Last year in Reviews of Modern Physics, Krausz wrote that while many expect that photons will become the most powerful tools for computing, “the advance of science and technology by research on electrons is by no means over. On the contrary, it is just beginning.” He expects the field soon to be able to steer electrons inside molecules wherever a researcher might desire, sampling conditions or changing them.
“With disease, it always has its origin in some electronic motion; somewhere in the DNA or an organelle, something breaks. If we want to understand illness at the most fundamental level, we must be able to look at electronic motions,” Krausz says. “Another example: You could ask yourself what are the limitations of electronics. Today electrons switch billions of times per second in a computer. So my personal belief is that the ultimate limits will be close to light frequencies.” And that, he says, would mean a leap in switching speeds by a factor of a thousand.
Already some new science has emerged. A team from the University of Colorado at Boulder, led by the wife-husband team of Margaret Murnane and Henry Kapteyn, used laser light to smack molecules of two nitrogen atoms joined to four oxygen atoms, causing vibration. By probing the atoms with combinations of attosecond and femtosecond pulses, the scientists were able to deduce how the electrons sloshed among energy levels with each cycle of vibration that stretched and then squashed the molecules. Other work has led to the first snapshot of the electron orbitals of a two-atom nitrogen molecule, N2.
The assemblages that do such things are not, strictly speaking, as elegant to look at as, say, a giant accelerator or a telescope. An attosecond layout on a lab bench is more of a labyrinth, but one of extraordinarily precise passages. It starts simply enough, with a specialized laser in a metal box about a foot wide and two feet long. Next are rank after rank of mirrors, narrow tubes, wiggling electric field gauntlets, steel chambers and glass light-beam conduits no thicker than angel-hair pasta. Here and there are pumps working hard to keep vital stretches in near-vacuum conditions at the same time that puffs of gas are emitted. “Physics is a collection of good tricks and bad jokes,” says Phil Bucksbaum, a Stanford University physicist. “And we play a lot of tricks on nature in this field.”
This isn’t Big Physics, but it’s not cheap either. The one-room laboratory of theoretical chemist Stephen Leone in the Lawrence Berkeley National Laboratory cost perhaps $5 million, including roughly $750,000 for the laser. “Each of those chirped mirror compressors is maybe $10,000,” said Phillip Nagel, a University of California, Berkeley graduate student working in Leone’s lab, as he pointed at an array that would look fine in a pinball machine.
Leone and his students have been trying for several years to put a stopwatch on a molecule of sulfur hexafluoride as it falls apart after being smacked by an attosecond-class pulse.
“This will be new science, and it will be a good demonstration,” Leone says. “The thing about this molecule is that if you ionize it — just knock one electron out — it totally upsets the whole bond structure.”

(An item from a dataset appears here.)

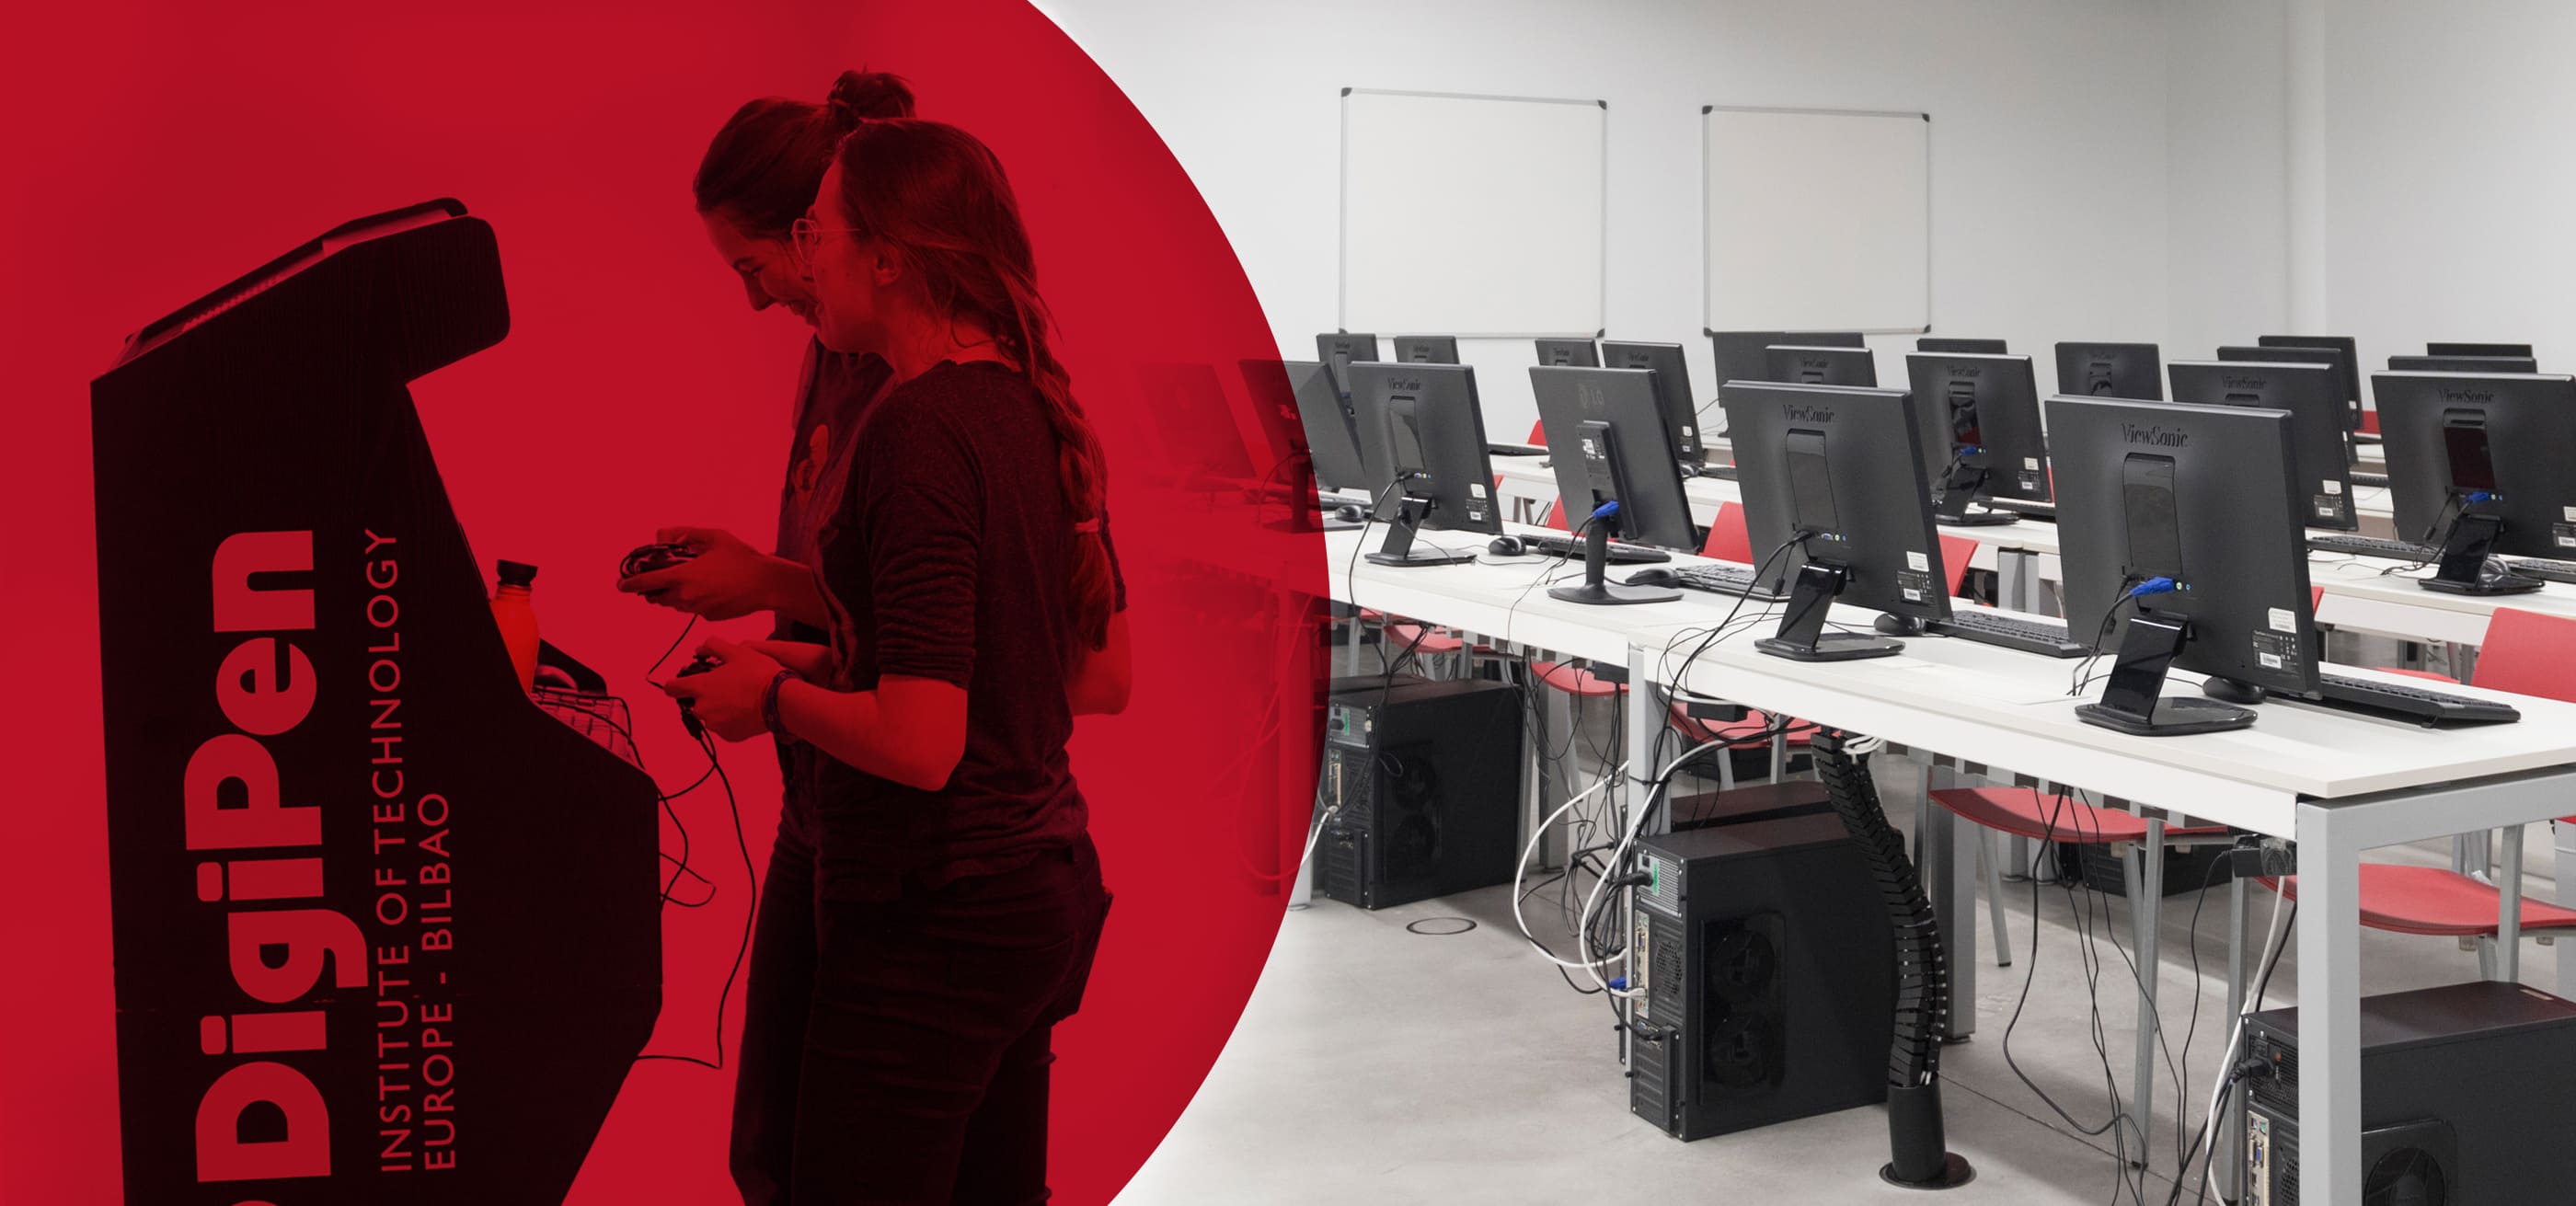 Dos alumnas jugando Arcade bajo un fondo rojo y las instalaciones de un aula de ordenadores de DigiPen Europe Bilbao.

A close look at this one test provides a taste of how the whole field works. The molecule starts out as a sulfur atom nestled among six of fluorine. But how much time elapses before SF6 becomes the ion SF6+ and then becomes drifting pieces of SF4 or smaller pieces? And, more important, after the moment of ionization, when and in what order do remaining electrons begin unlashing the bonds that held the molecule together? If such things can be learned in this simple system, it would help lead to the creation of new, complex chemical systems and products that take full advantage of the capacity of atoms to rearrange and recombine.
To find out, Leone and his group tune their laser and its downstream system of chirped mirrors and other gadgets to produce infrared pulses about seven femtoseconds (7,000 attoseconds) long. The pulses first pass through a cloud of neon gas — about a billion atoms’ worth — in a sturdy steel vacuum chamber. As they do so, the neon atoms each suffer the sort of fate that Corkum first imagined nearly two decades ago.

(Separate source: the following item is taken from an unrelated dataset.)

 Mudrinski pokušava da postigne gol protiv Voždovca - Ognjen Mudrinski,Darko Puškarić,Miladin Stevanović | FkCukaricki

Electrons in vulnerable orbitals get yanked far from the atoms’ nuclei and then smashed back in. Each rattled neon atom spits its brief package of ultraviolet rays as the electrons recombine. The result is that the onrushing laser beam’s pulses continue on their way, each carrying within it a far-ultraviolet pulse about 450 attoseconds in duration.
Filters then separate and isolate the attosecond pulses. These are given the job of being pump pulses. Each is directed down another conduit to a second, near-vacuum reaction chamber a few feet away. There, each blasts through a waiting wisp of SF6 molecules, ionizing them. The pulses are so short that Leone and his team know exactly when the ionization occurs. Thus they have a time zero for their atomic stopwatch.
The final step is to figure out what the electrons are doing as the molecules disintegrate. That’s the job of probe pulses — additional, seven-femtosecond pulses of infrared laser light. They ionize the mortally wounded molecules and their remnants. They do it again and again, with different time gaps between the pump and probe pulses.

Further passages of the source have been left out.